The data.

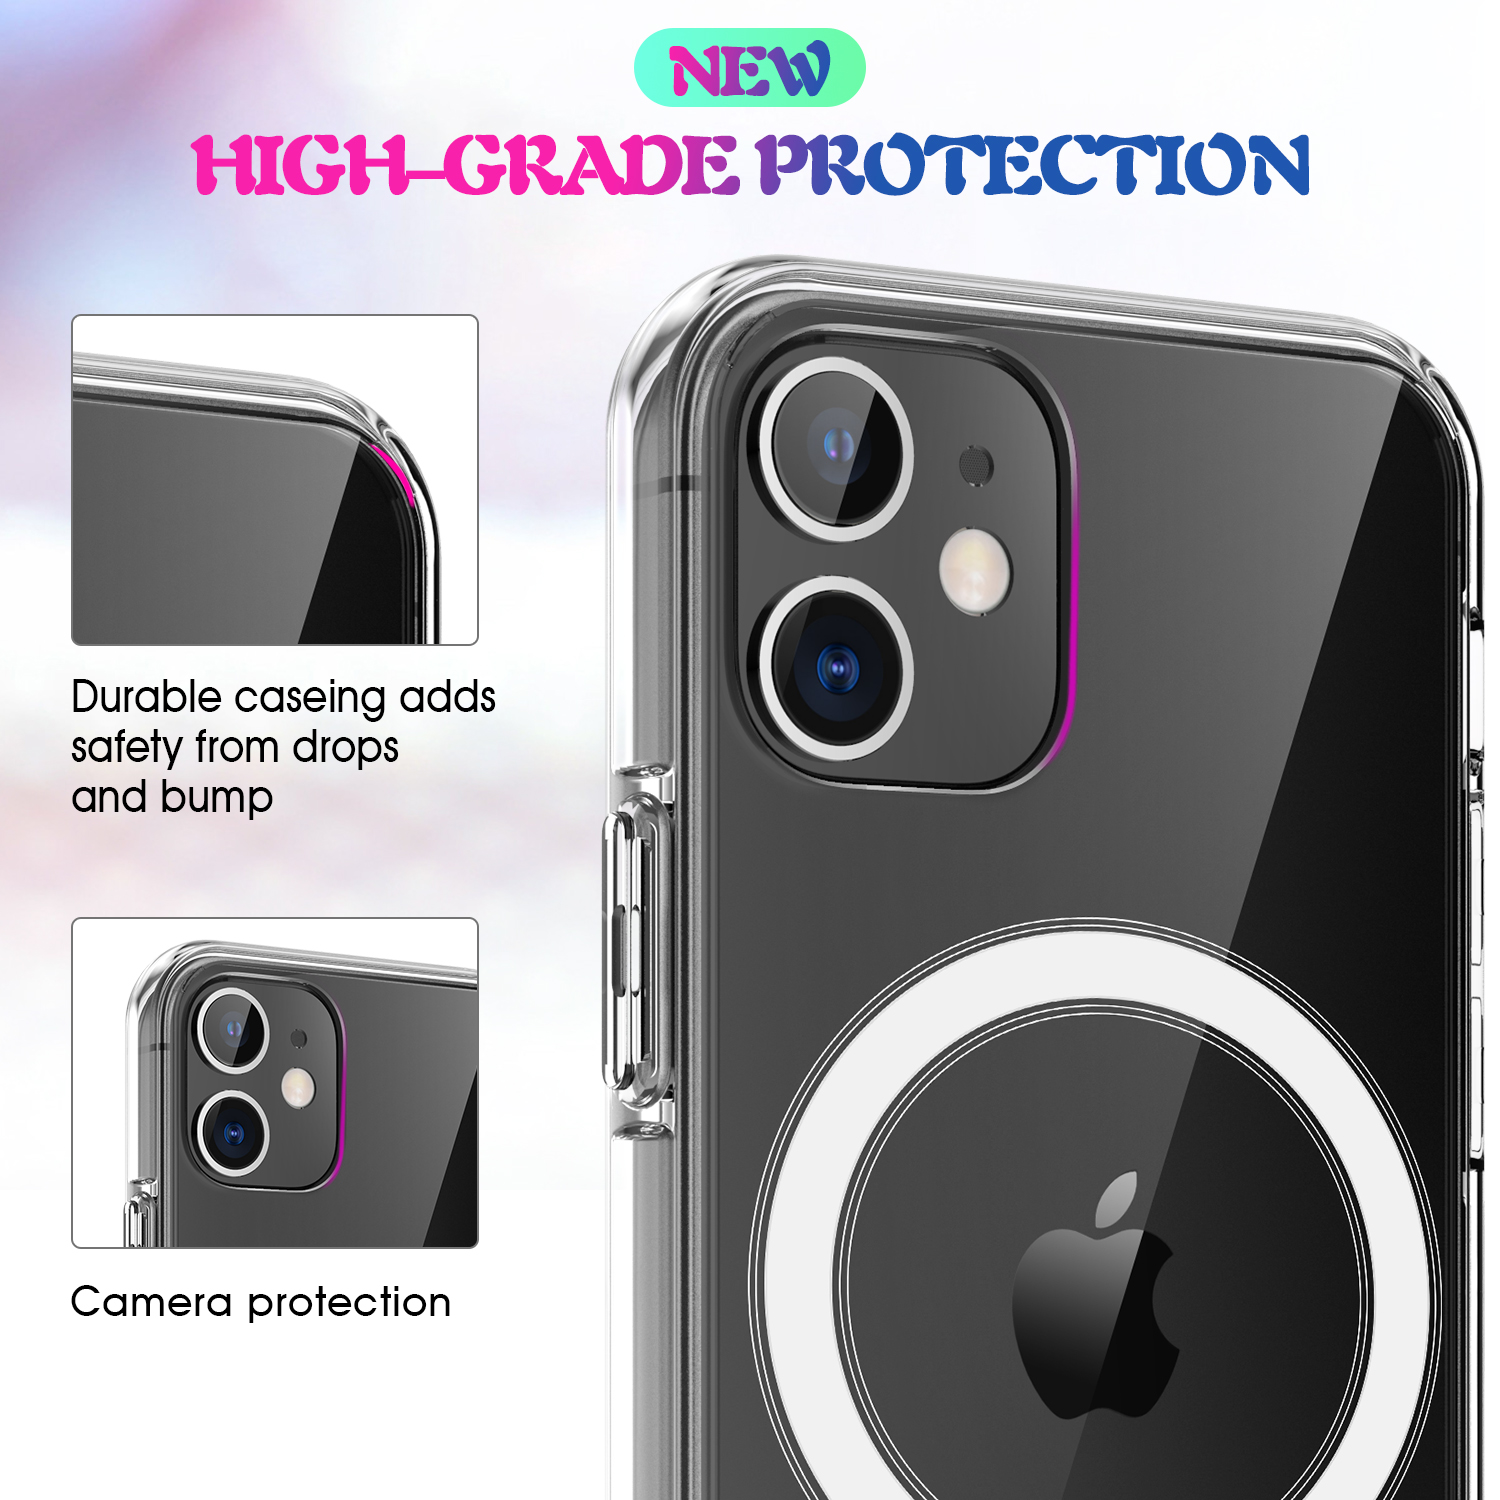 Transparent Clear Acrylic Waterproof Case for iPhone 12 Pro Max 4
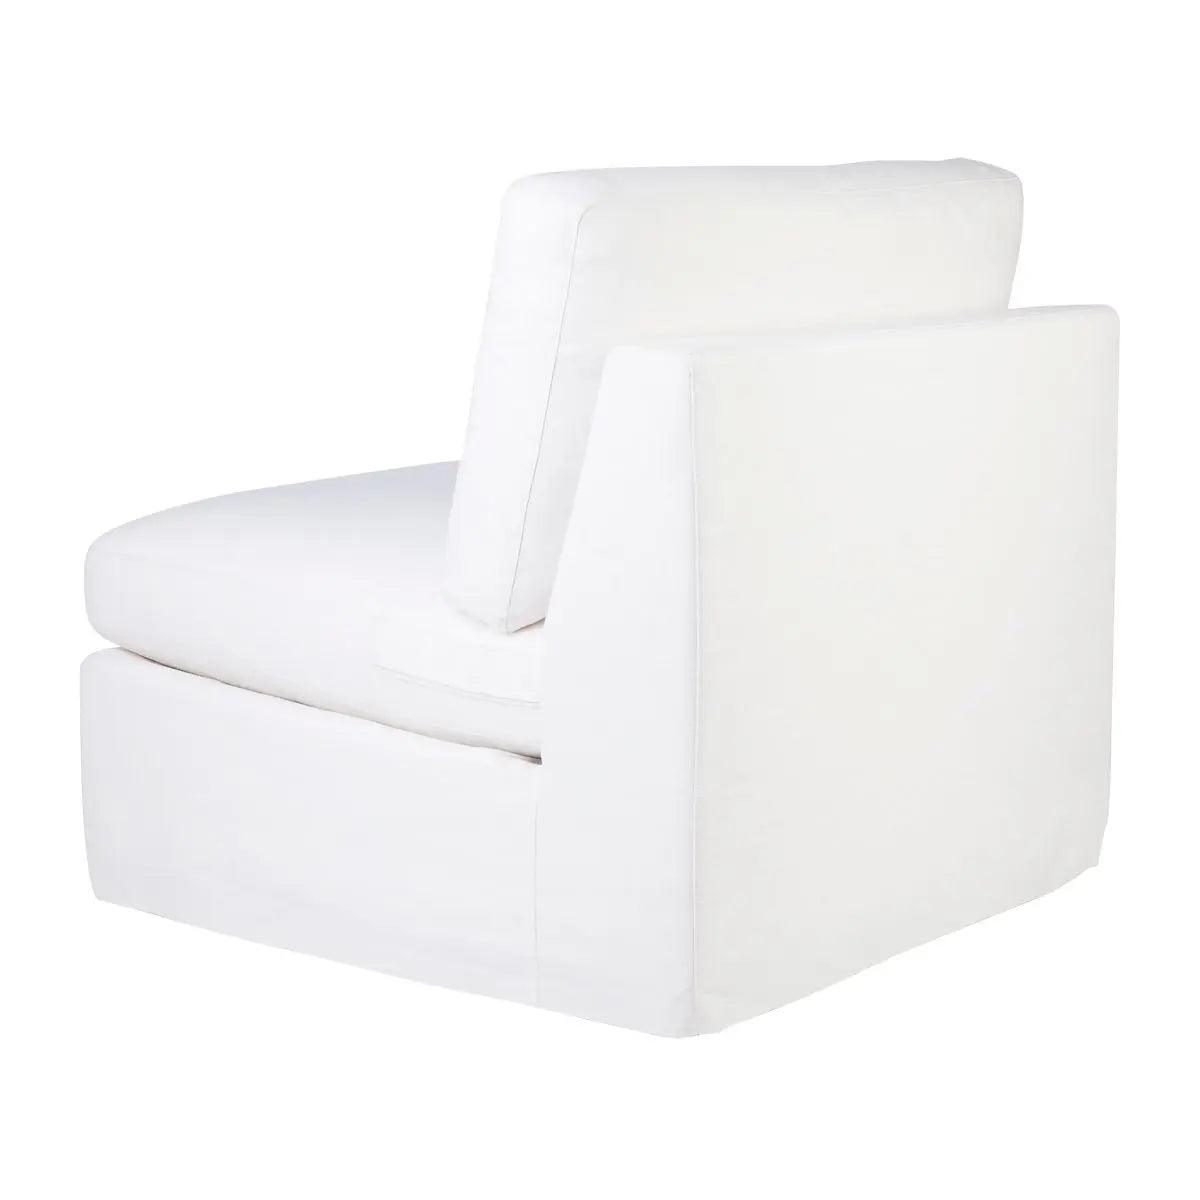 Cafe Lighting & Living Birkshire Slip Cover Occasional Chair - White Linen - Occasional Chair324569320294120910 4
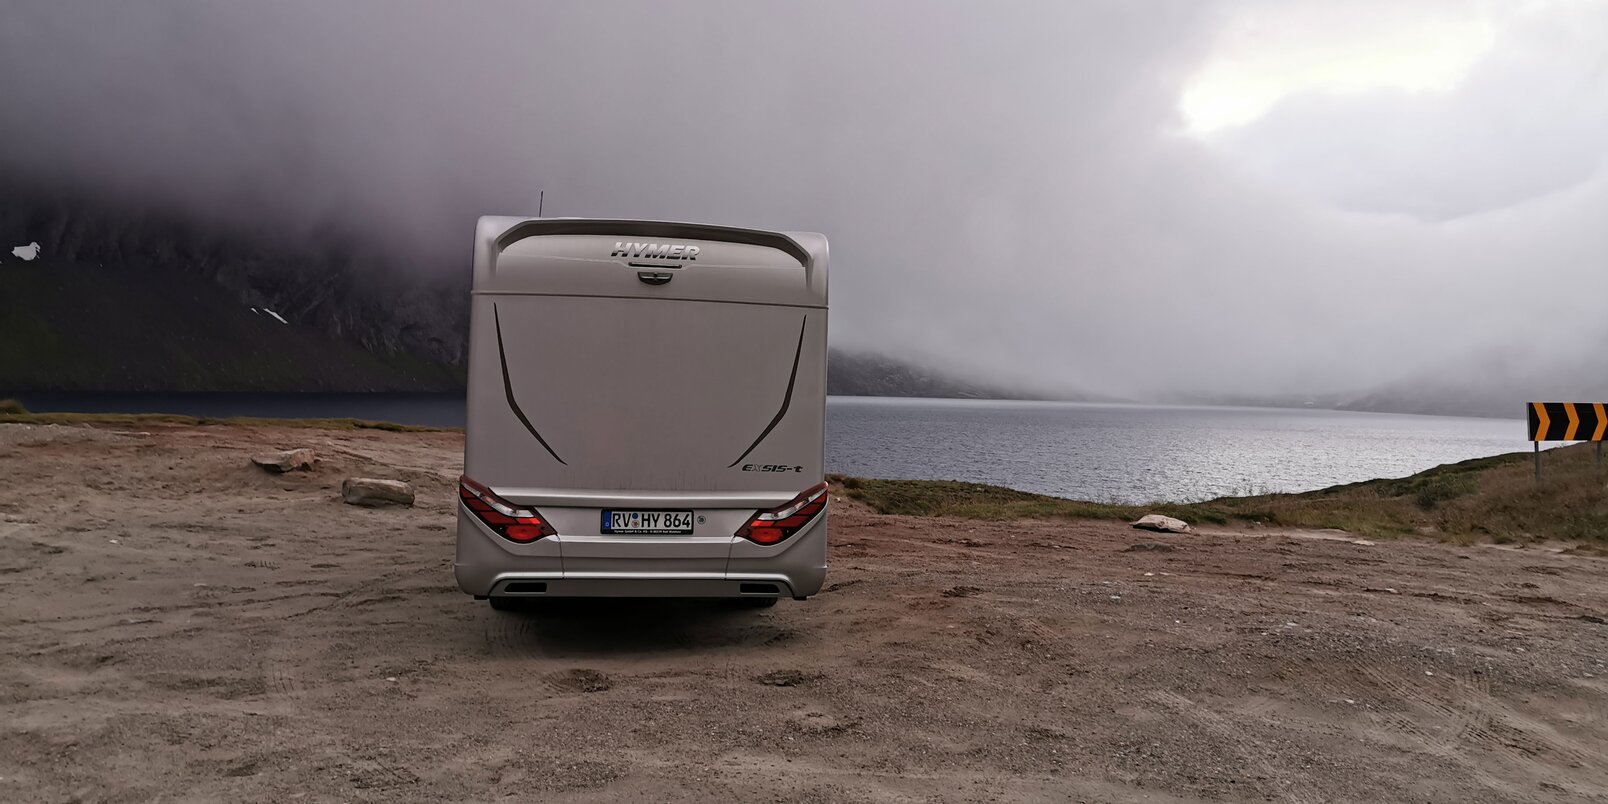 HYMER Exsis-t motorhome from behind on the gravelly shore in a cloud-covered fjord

Action item.
Print the material above once more, exactly. No pictures belong in it.

Solution.
 Transparent Clear Acrylic Waterproof Case for iPhone 12 Pro Max 4
 Cafe Lighting & Living Birkshire Slip Cover Occasional Chair - White Linen - Occasional Chair324569320294120910 4
 HYMER Exsis-t motorhome from behind on the gravelly shore in a cloud-covered fjord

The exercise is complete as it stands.